Sputum cell differential count showed significant predominance of neutrophils and macrophages over other cell types in both phases of the study (p<0.0001). Compared to baseline, no significant differences were detected after the training (p=0.99), but mild reduction in neutrophils was observed (−7%, Fig. 1.3).

In conclusion, as expected, our pilot study confirms that training was able to improve efficacy of ventilation by increasing BR and decreasing EqCO2.

Beyond that, we also found interesting changes in blood lymphocytes subpopulation after training. A significant increase of the Th17 cells was observed in peripheral blood; these cells play a role in adaptive immunity against pathogens, especially PA,9 maintaining mucosal barriers and contributing to pathogen clearance.10 In particular, there is clear evidence about the role of Th17 cells in modulating both systemic and airways inflammation in CF.11,12 On the other hand, the observed increase of RTEs may indicate a moderate expansion of the T-naive cell repertoire (CD45RA+ CCR7+) (that in fact increased in 4 patients), which represents a positive effect on the immune response,13 while the reduction of TEM and TCM may favour a better control of the local infection.

Lastly, the mild reduction in neutrophils observed in sputum suggests that exercise might be capable of reducing neutrophilic inflammation by improving airways clearance and ventilatory efficacy.

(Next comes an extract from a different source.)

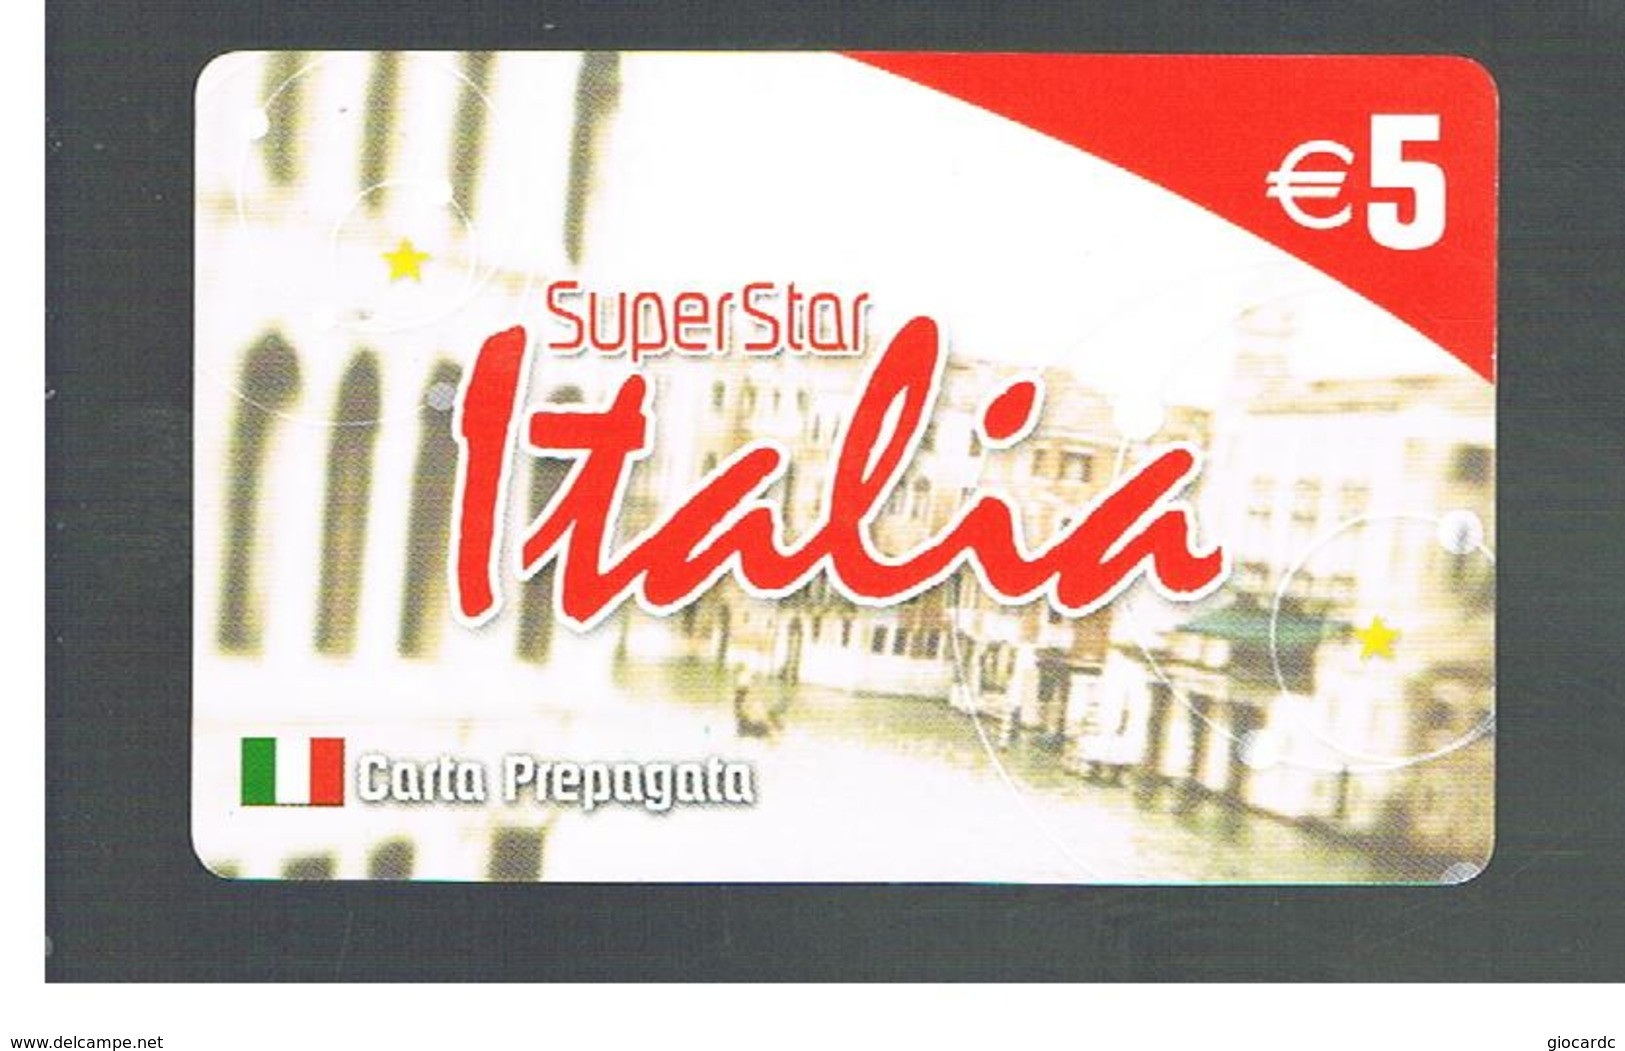 ITALIA (ITALY) - REMOTE -  T STAR - SUPERSTAR, BUILDING       - USED - RIF. 10971 - Schede GSM, Prepagate & Ricariche

This pilot study has several limitations, including: limited sample size, lack of a control group, small number of measures, absence of absolute cellular count.

Despite that, our preliminary trial may suggest that also the immune system is positively influenced by exercise training. This new research hypothesis deserves in our opinion further investigation particularly by increasing sample size, in order to finally improve CF outcomes in the future.